Tuesday, February 15, 2011

8. How Like an Angel by Margaret Millar

Will 2011 be the year of Margaret Millar? How Like an Angel did not rock my world like Beast in View, but I am still blown away by how talented a writer Millar is. This is much more of a straightforward mystery, albeit an engaging and interesting one. Joe Quinn is a gambler and laid-off casino P.I. who gets dropped off in the middle of the desert after a binge at the tables. He wanders onto the property of a strange religious commune and from there gets mixed up in a mystery that involves bank embezzlement, small town real estate and, of course, murder.

Quinn meets an old woman in the commune who helps him out. In return, she asks him to find out the fate of one Patrick O'Gorman, who lived in the small nearby town of Chilcote. She doesn't say why and when he finds out that not only is O'Gorman missing and presumed dead, but that his mysterious disappearance 5 years ago caused a scandal that the town still hasn't gotten over.
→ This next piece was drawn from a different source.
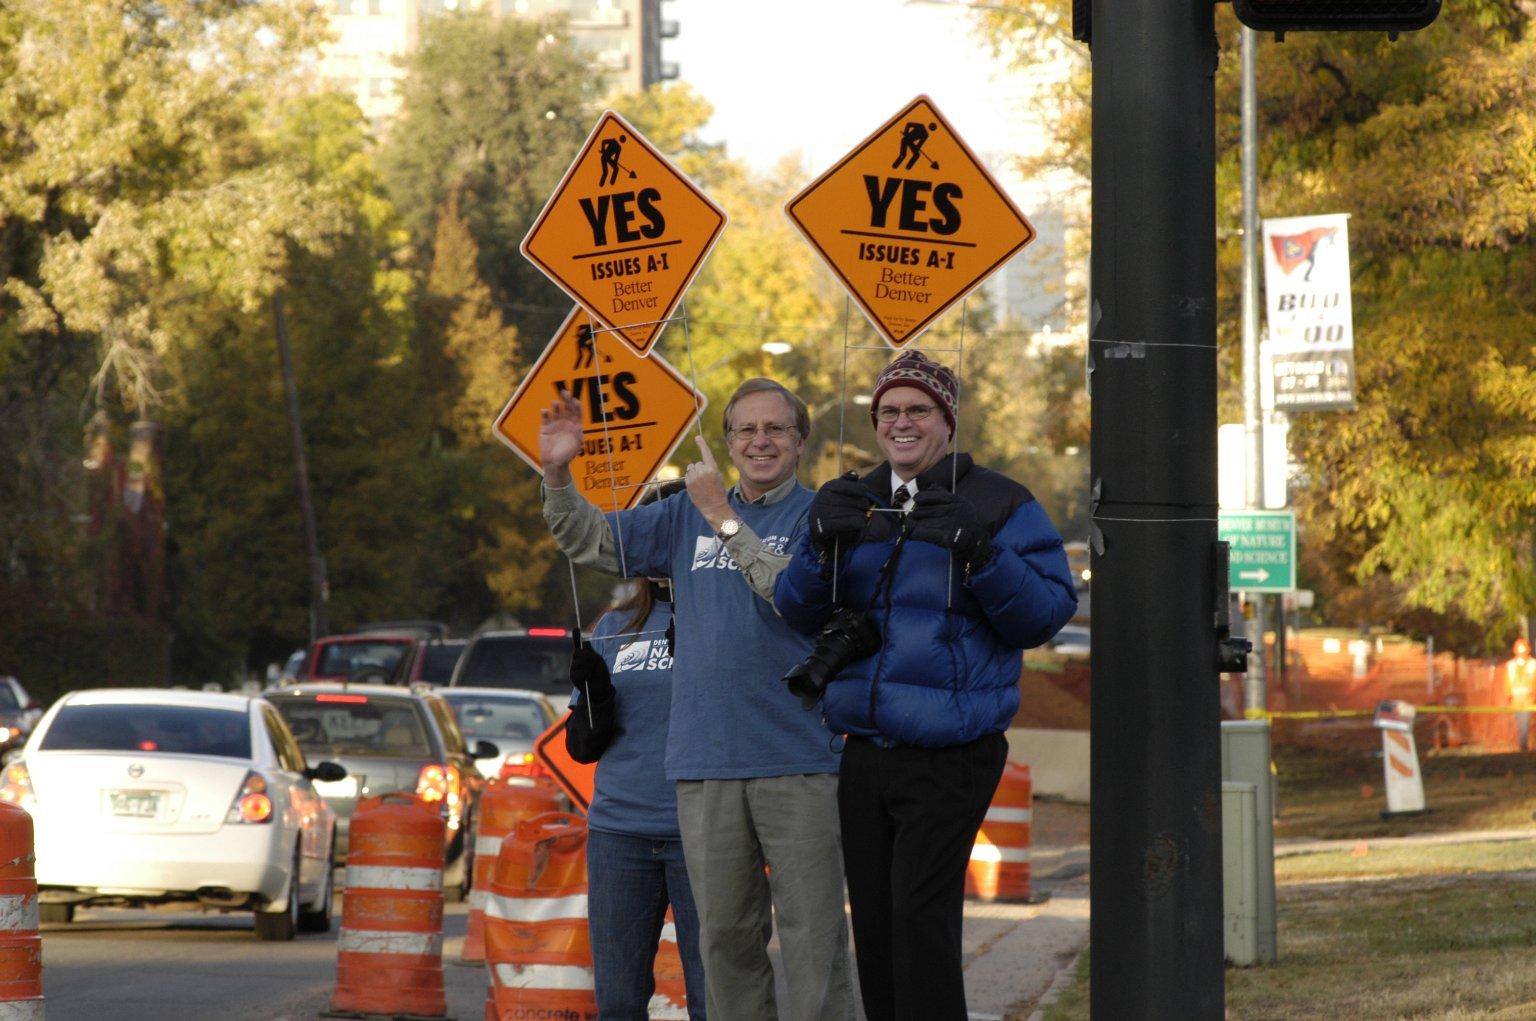 Honk and Wave Campaign for the Better Denver Bond Program
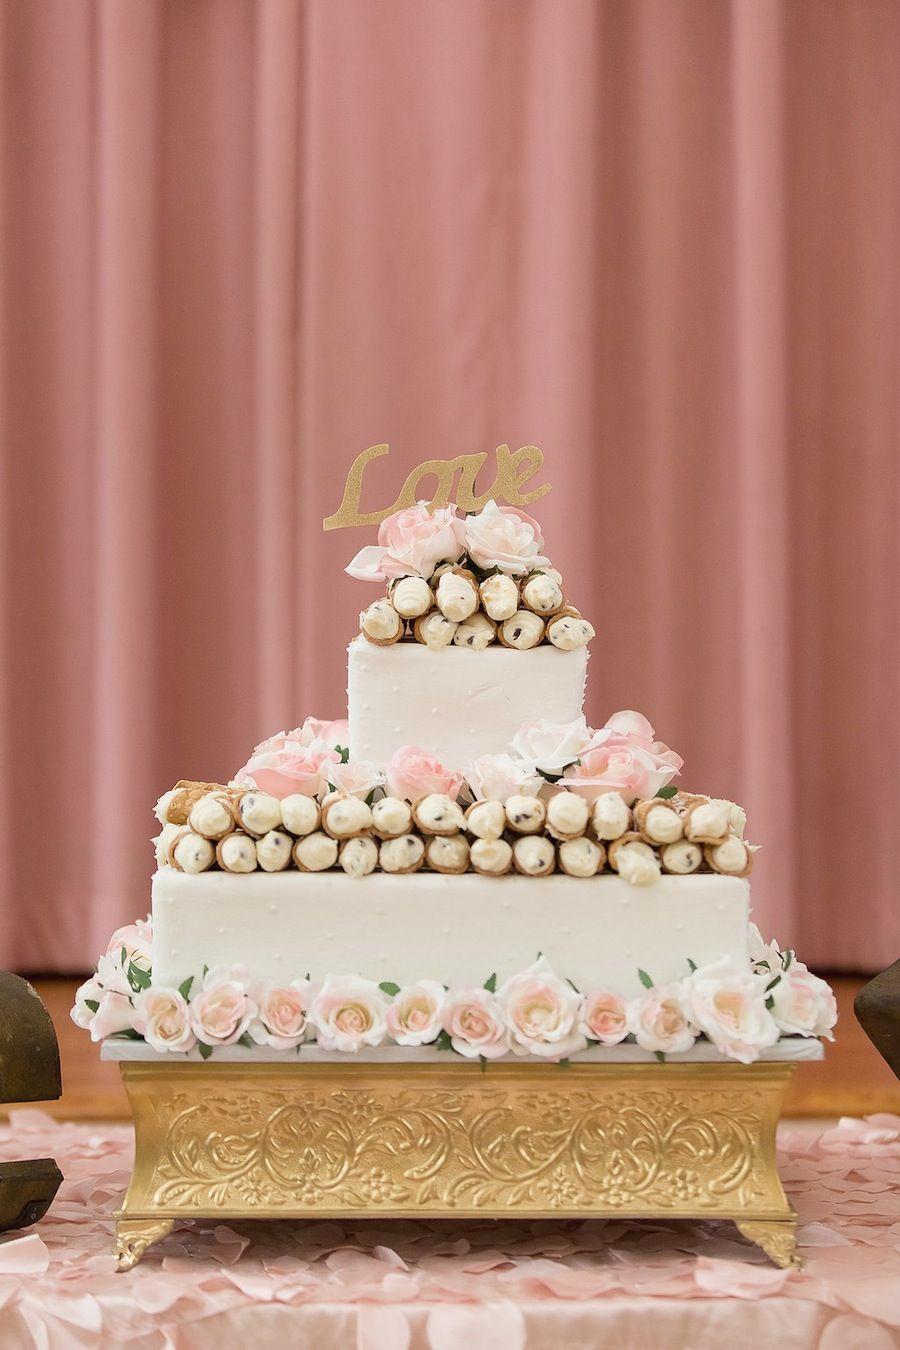 Cannoli Wedding Cake | Italian Wedding Cake | Weddings at SPWC ...

Intrigued, he starts to dig deeper.

What's great about this book are the excellent locations, especially the little fringe California town of Chilcote that was once primarily agricultural and since dominated by oil money. You can understand why so many writers lived or wrote about Southern California in the 20th century. It was a dynamic place, but also so atmospheric. She really captures the feel of a too-hot desert town. The cult is also quite neat, a precursor to the communes of the 60s.

What didn't quite work for me was the romantic angle, where the protagonist seems to all of a sudden fall in love with O'Gorman's widow. I mean yes she seemed like an admirable woman, but the falling in love came out of nowhere. Maybe that's how it worked back when you couldn't have pre-marital sex, but it seemed forced to me.

Margaret Millar was an amazing person. She was Canadian but moved to the States after marrying her husband, Ross MacDonald. She did a ton of conservation work and wrote kick-ass novels. I wonder if anyone has written a good biography of her? It's funny because she was quite succesful, both commercially and critically, and yet her name has sort of faded while everyone still knows who Ross MacDonald is. Is that simply the male bias of publishing and the crime genre or simply a testament to the longevity of having a single recurring detective?